The Kremlin could easily afford to allow its smaller neighbor free and fair elections without losing its hegemonic position. He should give up Lukashenko’s support, recognize the will of the majority of the population and its representation, the coordination council, and work for a negotiated change of power with early elections.
However, this also means that the EU can still influence the dynamics of events in Belarus. The EU must make it clear to Lukashenko that he is no longer the legitimate President of Belarus. If he is inaugurated again, he will immediately be on the EU sanctions list. At the same time, any cooperation with his illegitimate government must be frozen. Conversely, the Coordination Council should be recognized as the legitimate representative of the Belarusian people and should be involved in all international contacts and deliberations on Belarus.

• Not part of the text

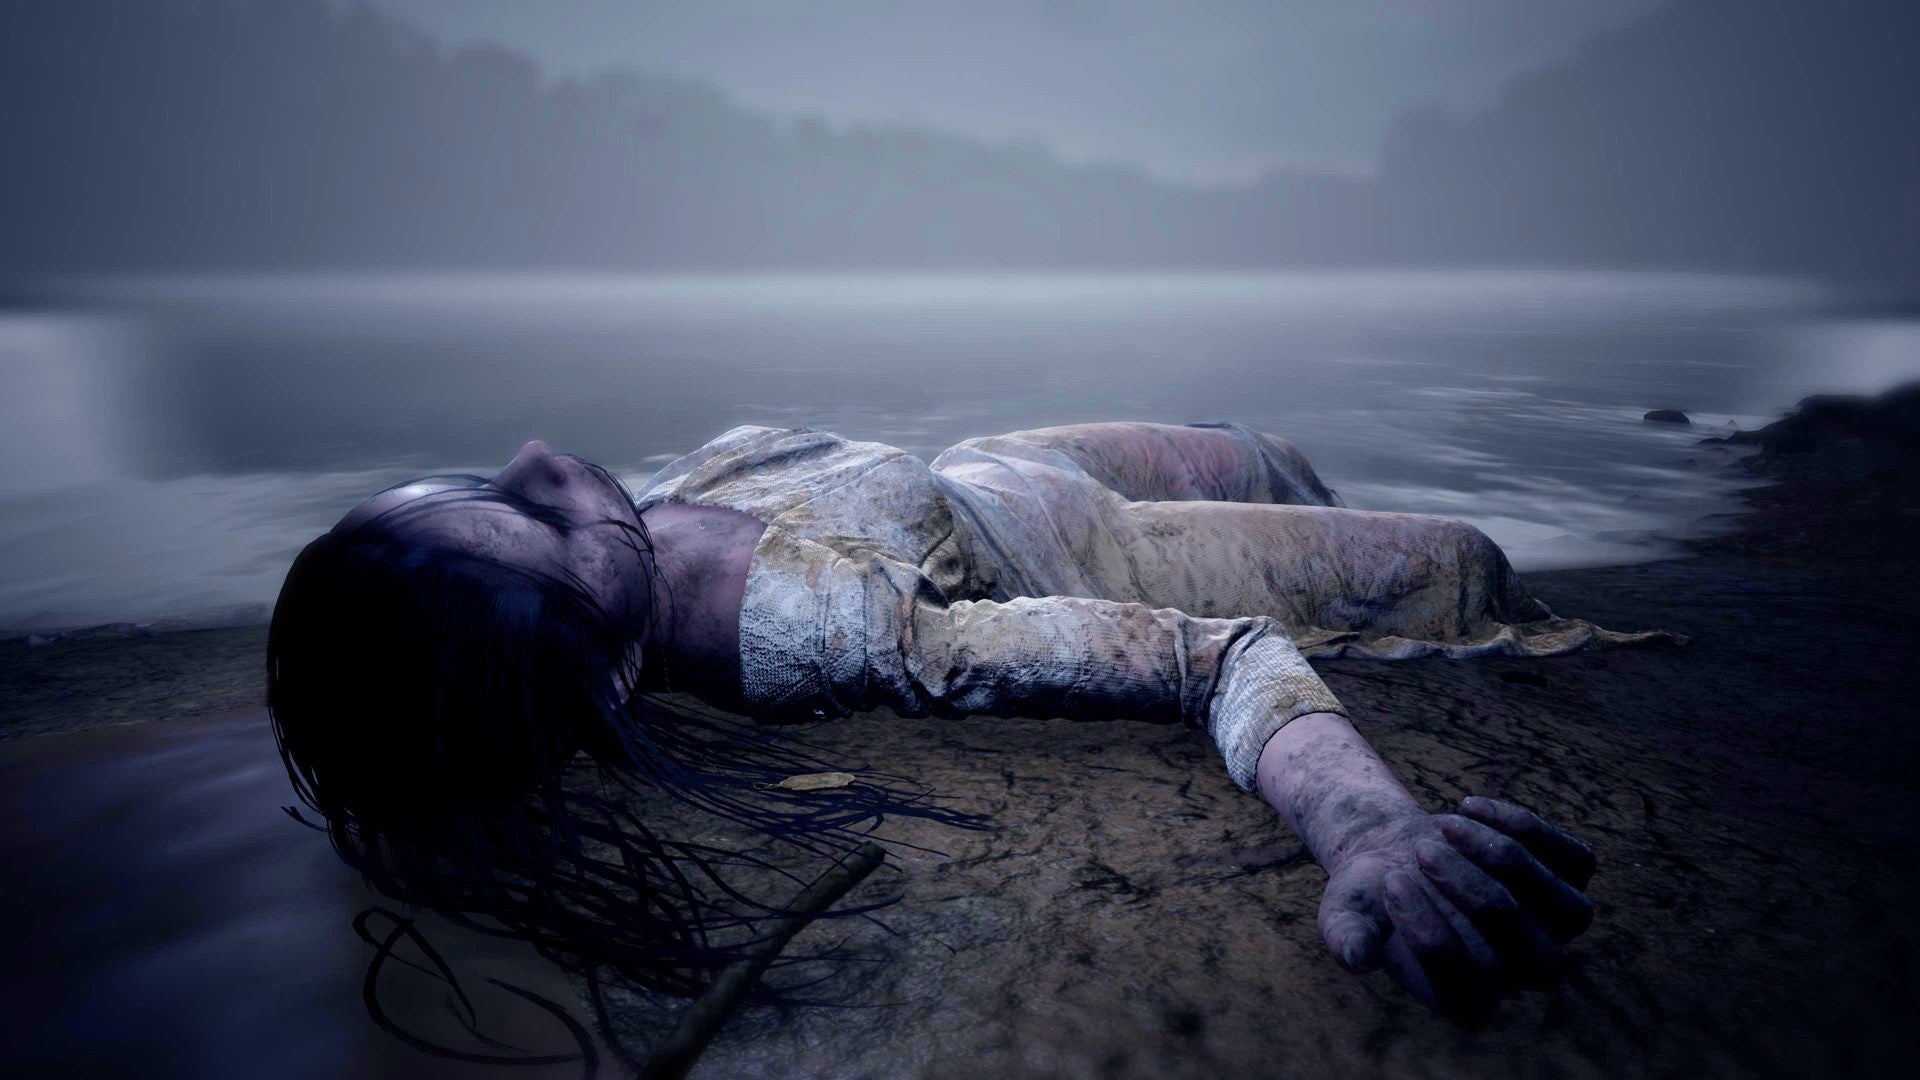 《Martha is Dead》截图，显示湖边的一个无生命身体
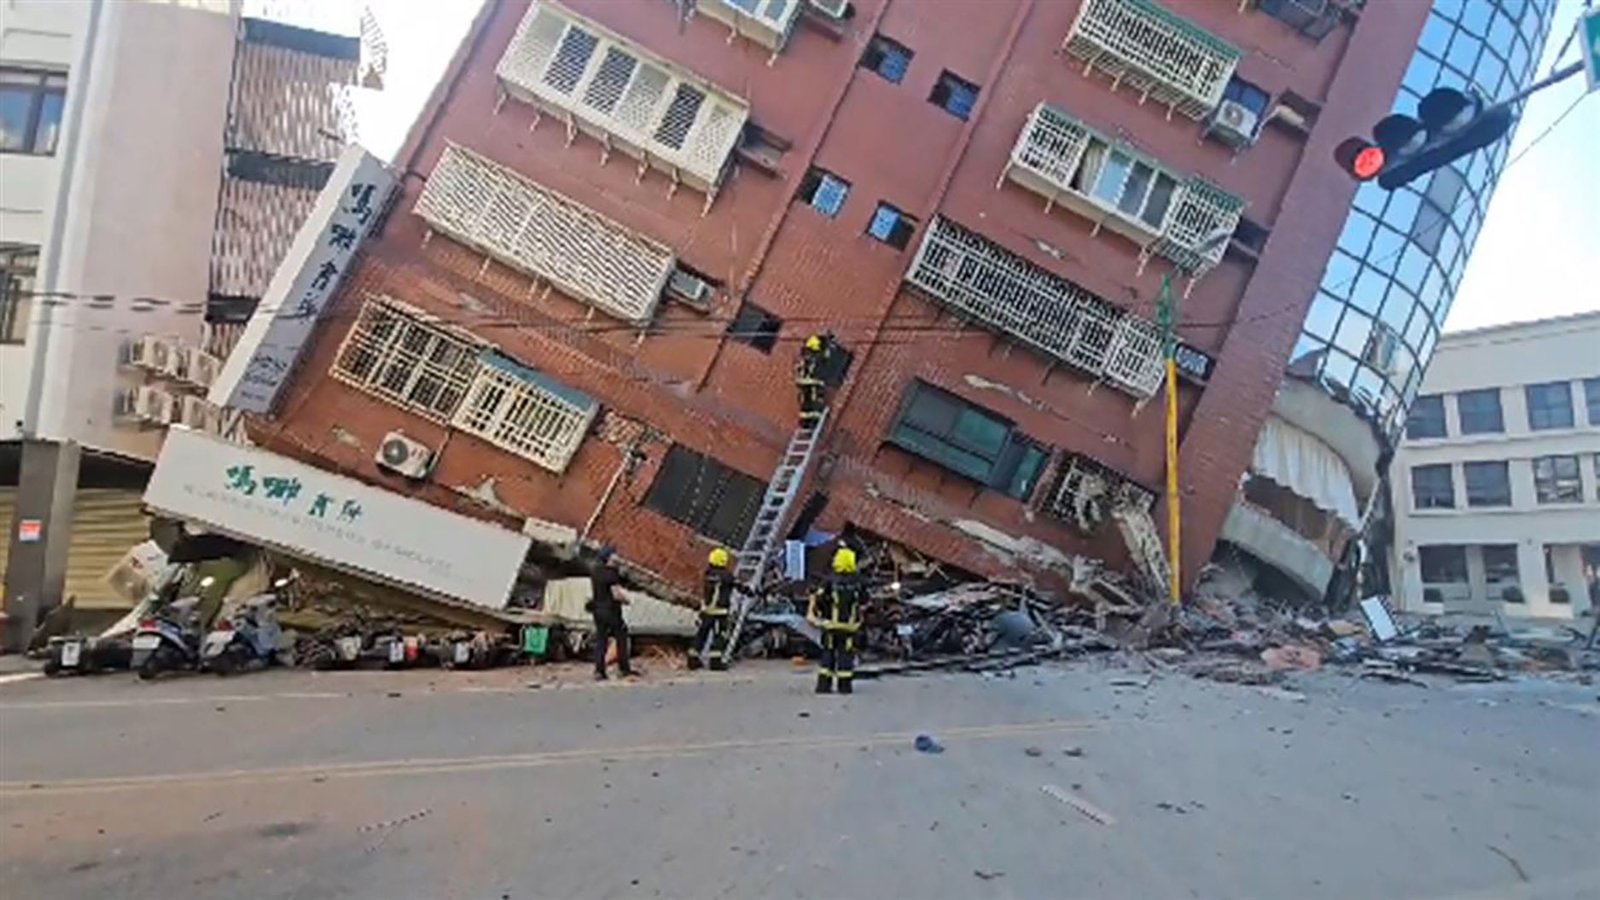 Earthquake hits Taiwan: At least 4 killed & 711 hurt as huge 7.7 magnitude quake downs buildings & triggers landslides

At the same time, it must be made clear to Russia that any agreements it is still negotiating with Lukashenko will not be internationally recognized. To this end, the EU must urge the Kremlin to end its interference in favor of the current ruler and recognize that its interests in Belarus will remain unaffected by a change of power. A two-year moratorium on the Nord Stream 2 pipeline project would be appropriate to highlight this question and open an opportunity for change in Belarus.
Today’s meeting between Lukashenko and his sponsor Putin is likely to be decisive for the outcome of the Belarusian crisis. The Belarusians themselves made it clear in nationwide protests yesterday that only the departure of their dictator is acceptable to them. The EU must clearly emphasize this demand in its own response to the Sochi meeting.